Die größten Ängste der Deutschen

Inflation, Rezession, Steuererhöhungen: Die Top-Sorgen der Deutschen drehen sich in diesem Jahr um die Finanzen. Mit Abstand auf Platz eins liegt die Angst vor steigenden Lebenshaltungskosten (67 Prozent). Am stärksten gestiegen ist die Furcht vor einem Krieg mit deutscher Beteiligung. Das zeigt die repräsentative Langzeitstudie „Die Ängste der Deutschen 2022“ des Infocenters der R+V Versicherung.
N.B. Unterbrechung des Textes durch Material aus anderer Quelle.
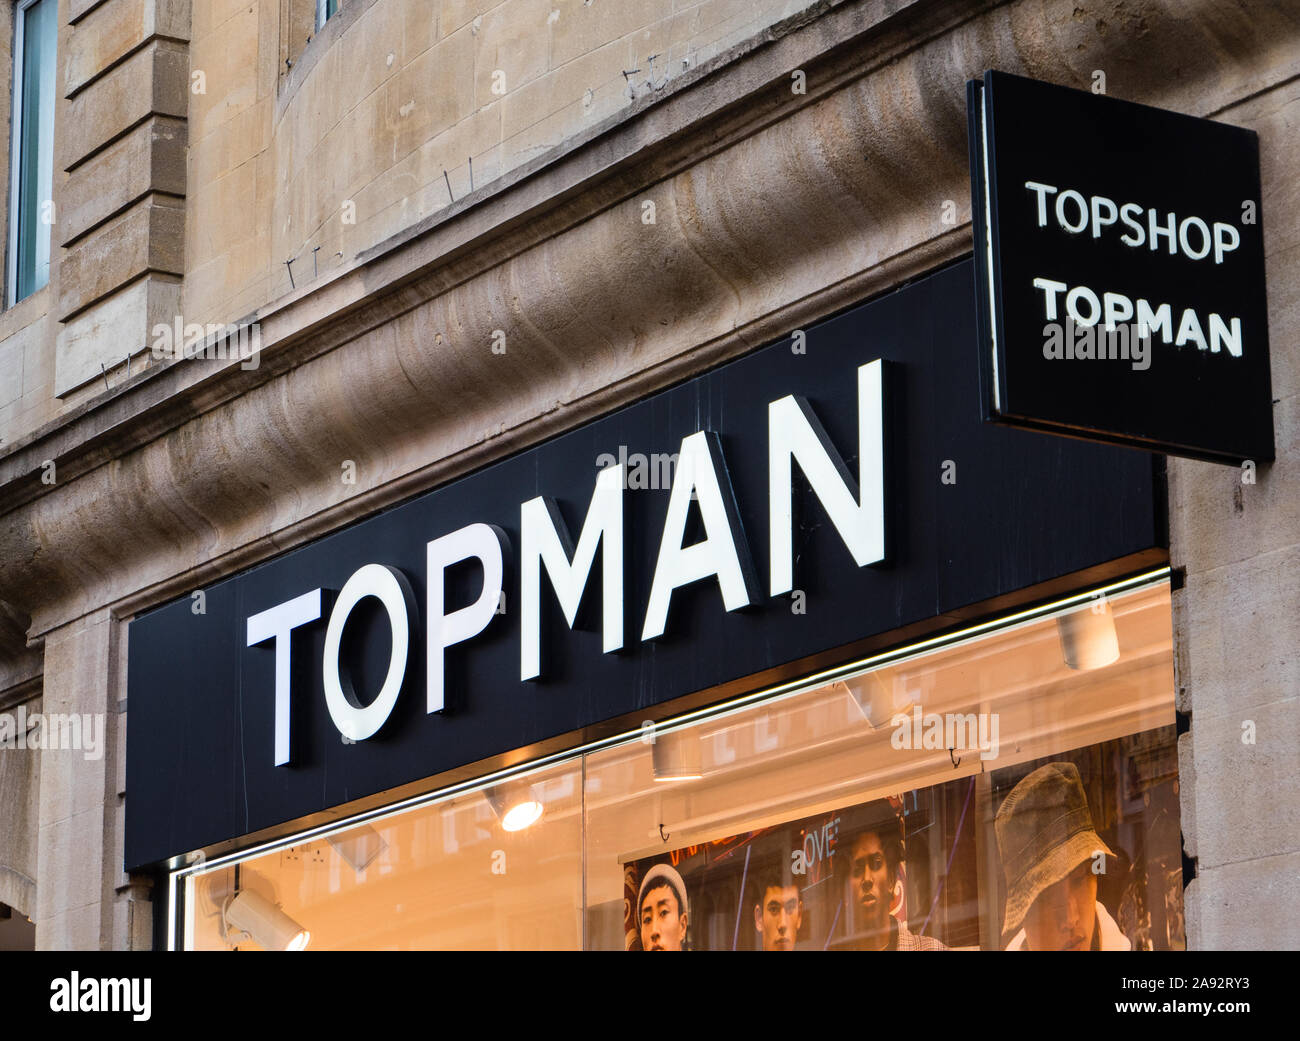 Topshop topman logo -Fotos und -Bildmaterial in hoher Auflösung – Alamy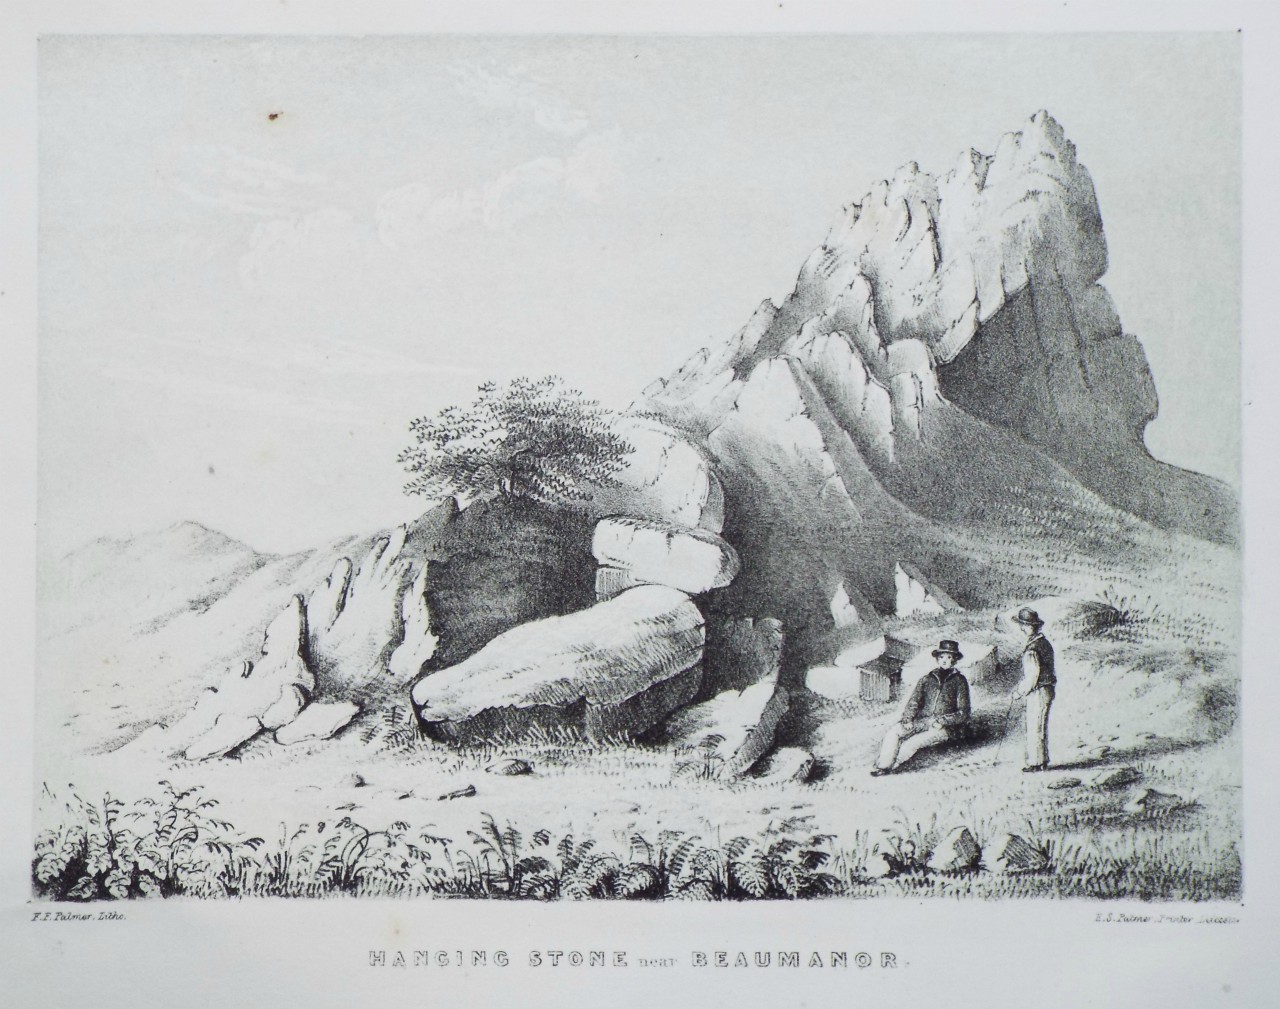 Lithograph - Hanging Rock near Beaumanor. - Palmer

In fast jedem Lebensbereich spüren die Deutschen drastische Preissteigerungen. „Der bange Blick in den Geldbeutel lässt die finanziellen Ängste in die Höhe schnellen. Insgesamt sind die Menschen deutlich sorgenvoller als noch vor einem Jahr“, sagt Studienleiter Grischa Brower-Rabinowitsch anlässlich der Pressekonferenz zur Studie am 13. Oktober in Berlin. „Der Angstindex – der Durchschnitt aller abgefragten Sorgen – steigt um sechs Prozentpunkte und erreicht mit 42 Prozent das höchste Niveau seit vier Jahren.“ Bereits zum 31. Mal hat das Infocenter der R+V Versicherung in der Studie „Die Ängste der Deutschen“ mehr als 2.400 Menschen nach ihren größten Sorgen rund um Politik, Wirtschaft, Umwelt, Familie und Gesundheit befragt.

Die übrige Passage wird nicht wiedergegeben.